The results of the largest randomized treatment trial ever undertaken in localized prostate cancer has concluded that fewer, higher doses of radiotherapy are as effective as lower doses over a longer period for the treatment of prostate cancer. The findings were presented at the 2015 European Cancer Congress (25–29 September, Vienna, Austria) by researchers from The Institute of Cancer Research and The Royal Marsden NHS Foundation Trust (both London, UK).
Approximately 41,000 men are diagnosed with prostate cancer annually in the UK, with in excess of 10,800 deaths attributed to the disease. Radiotherapy is the most commonly used therapeutic strategy for localized prostate cancer in the UK.
This CHHiP trial, funded by Cancer Research UK, administered different schedules of radiotherapy to 3216 men with prostate cancer. The results indicate that men could require fewer hospital visits – receiving their treatment over 4 weeks rather than the current 7.5 weeks – without any decreases in quality and impact of the treatment.

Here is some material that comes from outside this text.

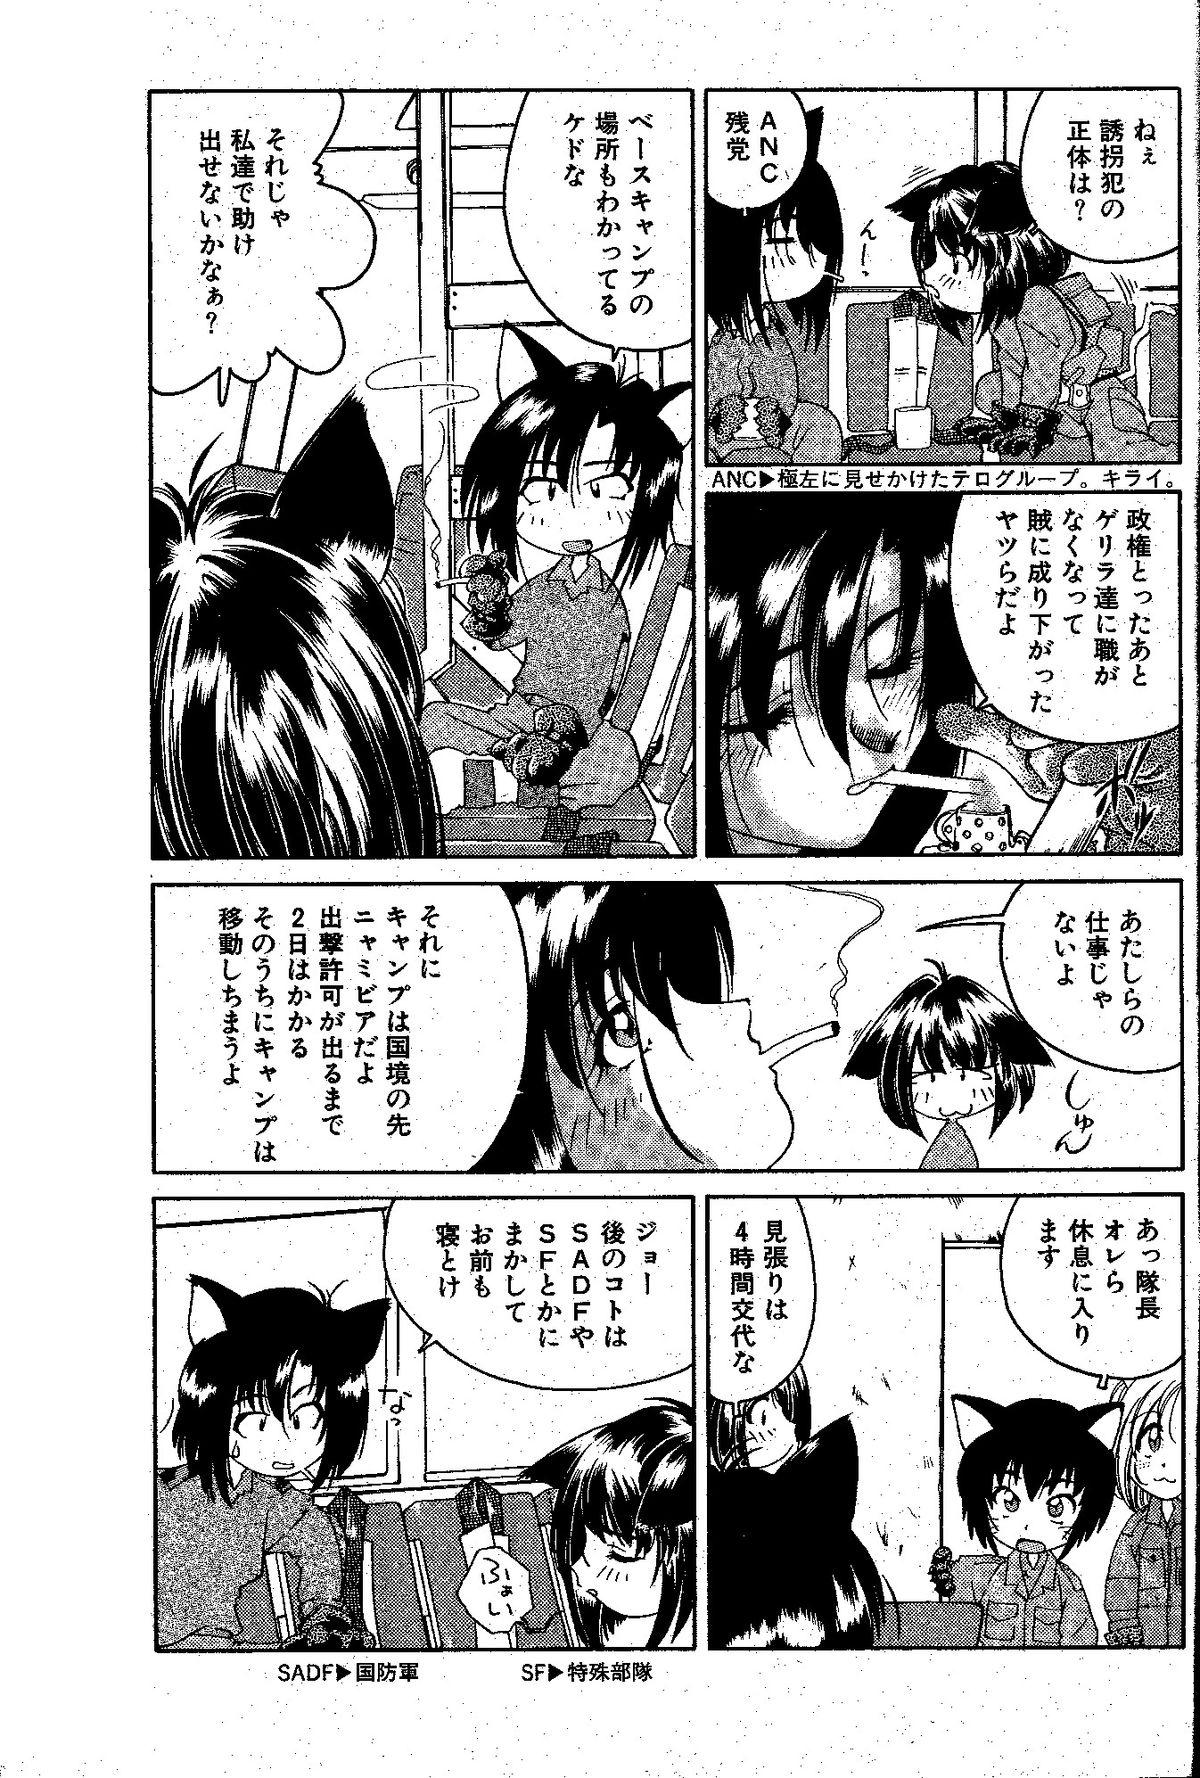 nyan-a-kore [Last page has imperfect lines] 4

Lead investigator David Dearnaley, of The Institute of Cancer Research and The Royal Marsden NHS Foundation Trust, commented: “These data are encouraging news for men. Excellent control rates and a low side effect profile have been seen across the trial. Giving patients larger doses of radiotherapy for a shorter time will mean fewer hospital trips and less radiotherapy needed overall.
“These findings are the result of many years of research and should help to further refine treatment,” he continued. “It appears to be safe and effective and we recommend it as a new standard of care. The study has facilitated the widespread introduction of high-quality modern radiotherapy and these advanced techniques are necessary to deliver short high-dose treatments safely.”
A proportion of participants received the standard treatment of 74 Gy over 37 days (2 Gy per day), while others received either 60 Gy over 20 days or 57Gy over 19 days (both 3 Gy per day). Patients were then followed-up over 5 years and it was discovered that administering 60 Gy over 20 days was as effective as standard treatment, even when considering factors including disease control and long-term side effects.
Short-term side effects of the higher radiotherapy doses were more common than those observed in standard therapy; however these were not long lasting. No difference was observed in side effects after 6 months or the next 5 years.
Emma Hall, of The Institute of Cancer Research, which coordinated the study, added: “The technique used to give the radiotherapy has led to low levels of side effects even with the higher daily dose. We have also shown that the 20 day schedule is at least as good at controlling disease as the current 37 day schedule. We estimate that over 150,000 trips to hospital could be saved per year”.
Malcolm Mason from Cancer Research UK explained: “These results are great news for men. From a logistical and patient convenience point of view, being able to treat patients over a shorter period of time has been a goal for specialists, but the question has always been whether it was safe to do so. This study shows that it is safe and effective, and there should be no reason why this cannot be implemented immediately – it is saving the NHS resources.”